Open access: who should pay?

It’s been great watching the open access (OA) debate slowly but completely transform over the last two years. Back when I started writing about OA, the big question was still whether or not the world should go that route at all. At times it has felt like a long, hard road from there to here, but we now live in a world where the US and UK governments have both officially declared their support for universal OA, and Europe’s Horizon 2020 research program will mandate OA, while the European Research Council strongly supports OA. The “whether to do OA” debate is over.

But the “how to do OA” debate rages on.

There are two principal approaches on the table, known as Gold and Green. Gold OA consists of publishing research articles in open-access journals. Green OA involves publishing in paywalled journals, but depositing the manuscripts in open repositories after an embargo, typically of 6 to 24 months. For a while, it seemed the UK government was committed to a Gold-first approach, but now it’s swinging back towards Green.

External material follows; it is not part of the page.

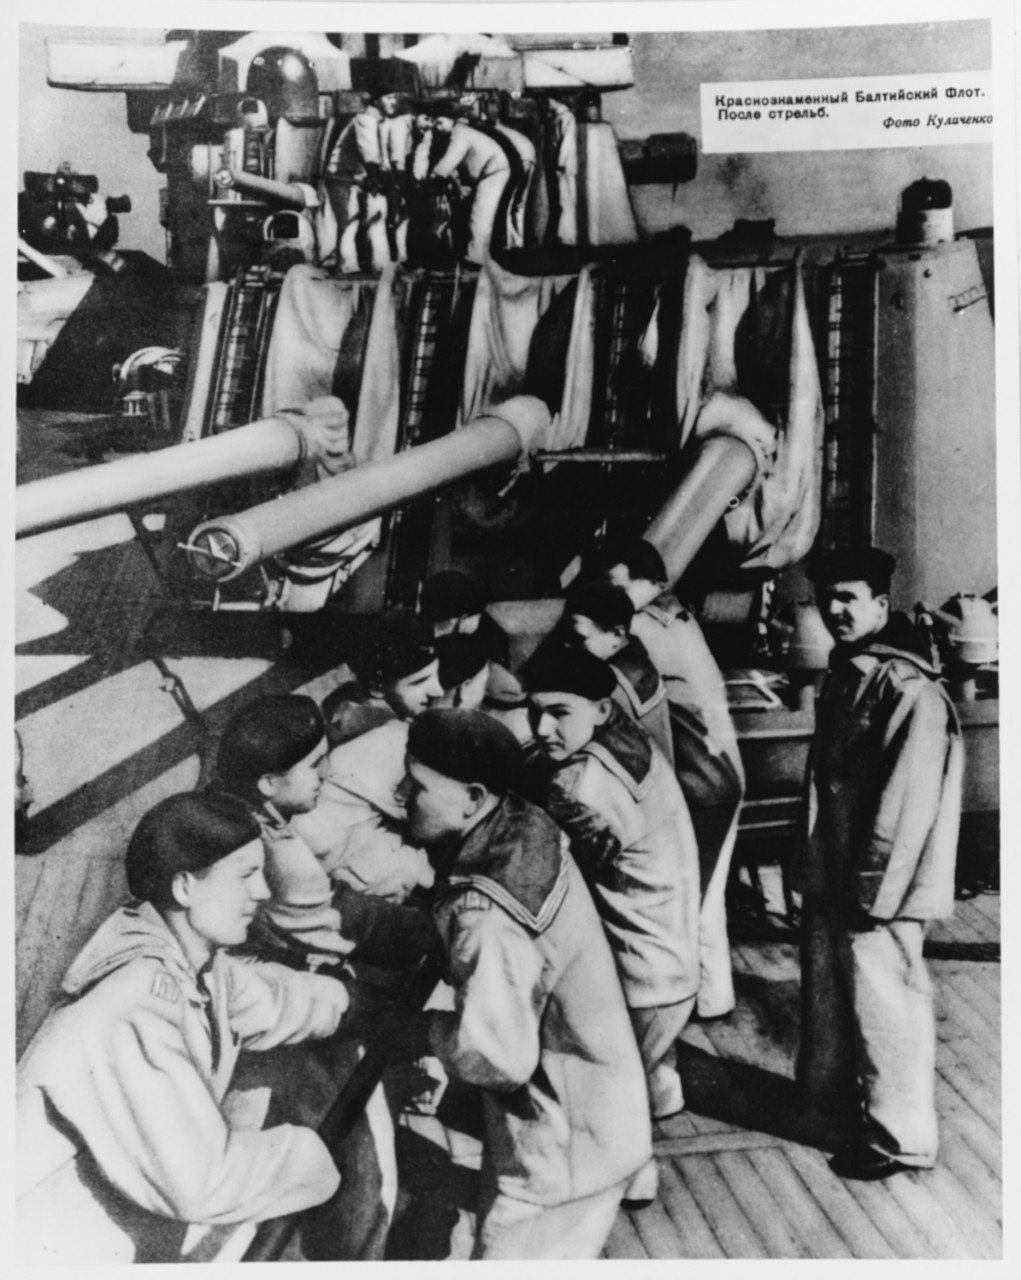 Soviet Sailors

The harsh reality behind publishing costs

The main argument for Green is that Gold is expensive. The Finch Report, which the UK government policy leaned heavily on, assumed average article processing charges (APCs) in the range £1500 – £2000 (about €1800 – €2400) – a heavy financial burden for research-intensive universities. It’s hardly surprising that a lot of people reacted by asking who is going to pay?

There are five things to say in response.

First, we must not let the sometimes vociferous Gold-vs.-Green debate mask the strong agreement throughout the community that OA is the only rational, ethical and cost-effective way for research to be disseminated. Everything else is detail in comparison.

Second, lots of subscription journals also charge authors: page charges are not uncommon, and extra fees for colour illustrations are ubiquitous. It can cost an author more to publish behind a paywall than openly.

Third, the cost estimates in the Finch Report are hugely inflated – perhaps because of the editorial involvement of publishers who want to set expectations in their favour. Research shows that the average APC of journals that charge them is only $906 (about £570 or €680) – about a third of the Finch report’s amount.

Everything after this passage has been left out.